Primo sogno missionario: la Patagonia (1872)

Ecco il sogno che decise Don Bosco ad iniziare l’apostolato missionario nella Patagonia.
Lo narrò per la prima volta a Pio IX nel marzo 1876. In seguito ne ripeté il racconto anche ad alcuni salesiani in privato. Il primo, ammesso a questa confidenziale narrazione, fu Don Francesco Bodrato, il 30 luglio dello stesso anno.
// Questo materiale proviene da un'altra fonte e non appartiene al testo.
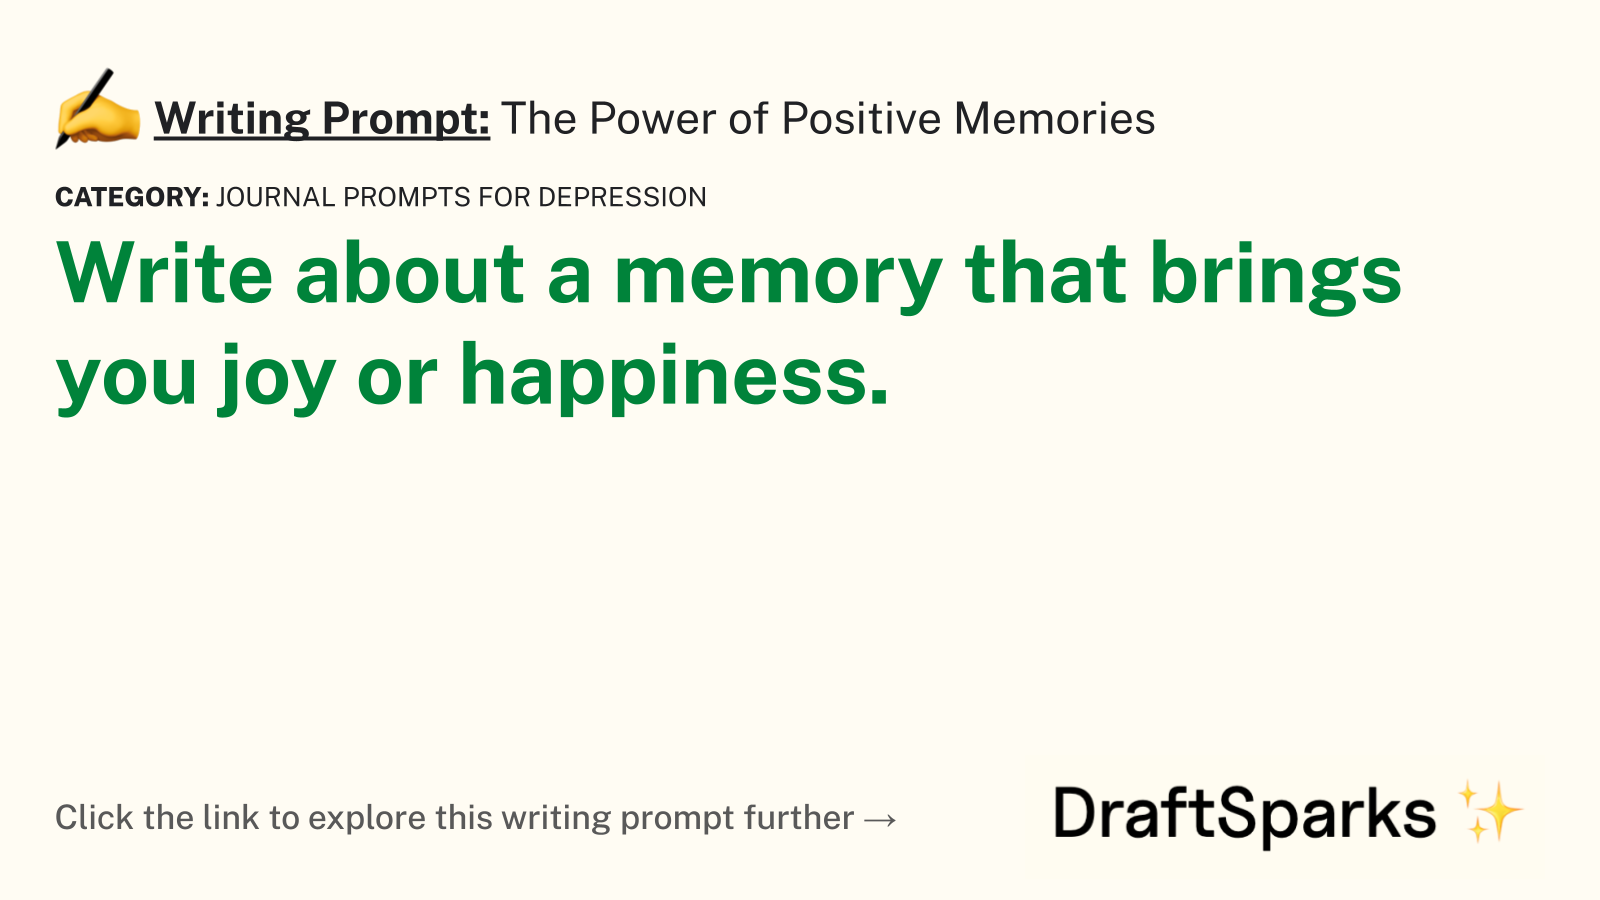 The Power of Positive Memories
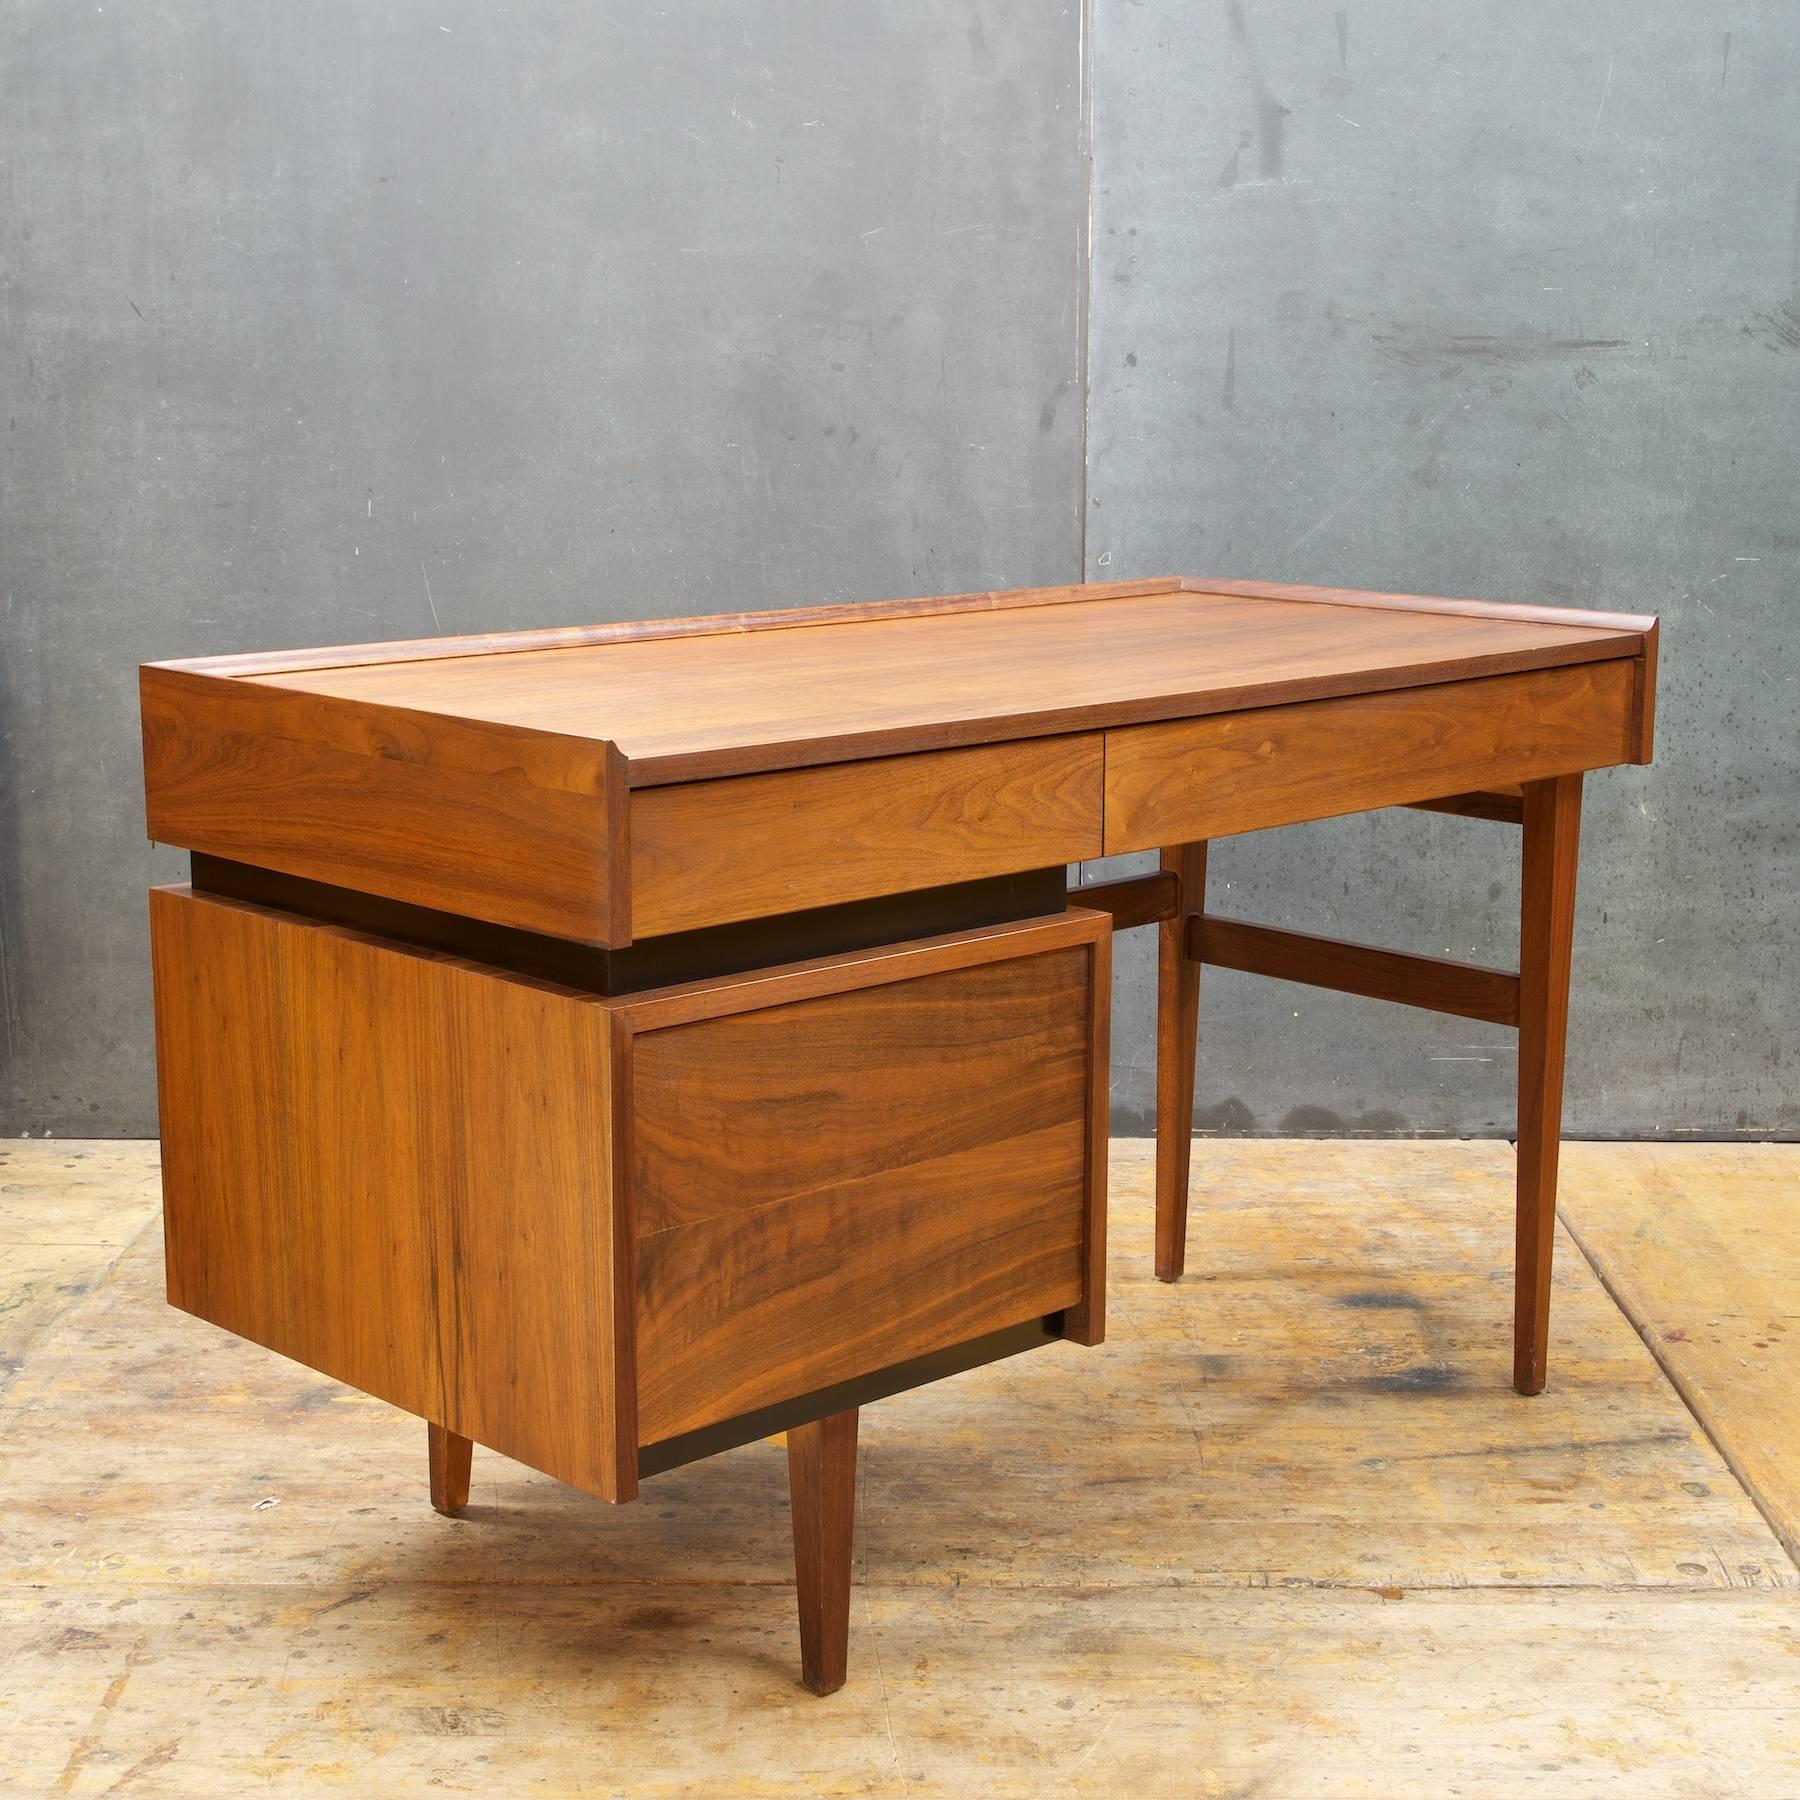 Rare and made in the USA, Classic American Modern oiled walnut desk designed by Milo Baughman for Dillingham. Beautiful grained oiled walnut finish, superior quality. Features two drawers over generous size file drawer. Finished walnut on all sides,

E Don Bodrato, di quella sera medesima, lo raccontava a Don Giulio Barberis, a Lanzo, dov’era andato a passare alcuni giorni di svago con un gruppo di chierici novizi.
Tre giorni dopo Don Barberis si recava a Torino, e trovandosi nella biblioteca in colloquio col Santo, passeggiando un po’ con lui, ne udiva egli pure il racconto. Don Giulio si guardò dal dirgli che l’aveva già udito, lieto di sentirlo ripetere dal suo labbro, anche perché Don Bosco, nel fare questi racconti, ogni volta aveva sempre qualche nuovo particolare interessante.
Anche Don Lemoyne l’apprese dal labbro di Don Bosco; e l’uno e l’altro, Don Barberis e Don Lemoyne, lo misero per iscritto. Don Bosco – dichiarava Don Lemoyne – disse loro che erano i primi a cui svelava dettagliatamente questa specie di visione, che rechiamo qui quasi colle sue stesse parole.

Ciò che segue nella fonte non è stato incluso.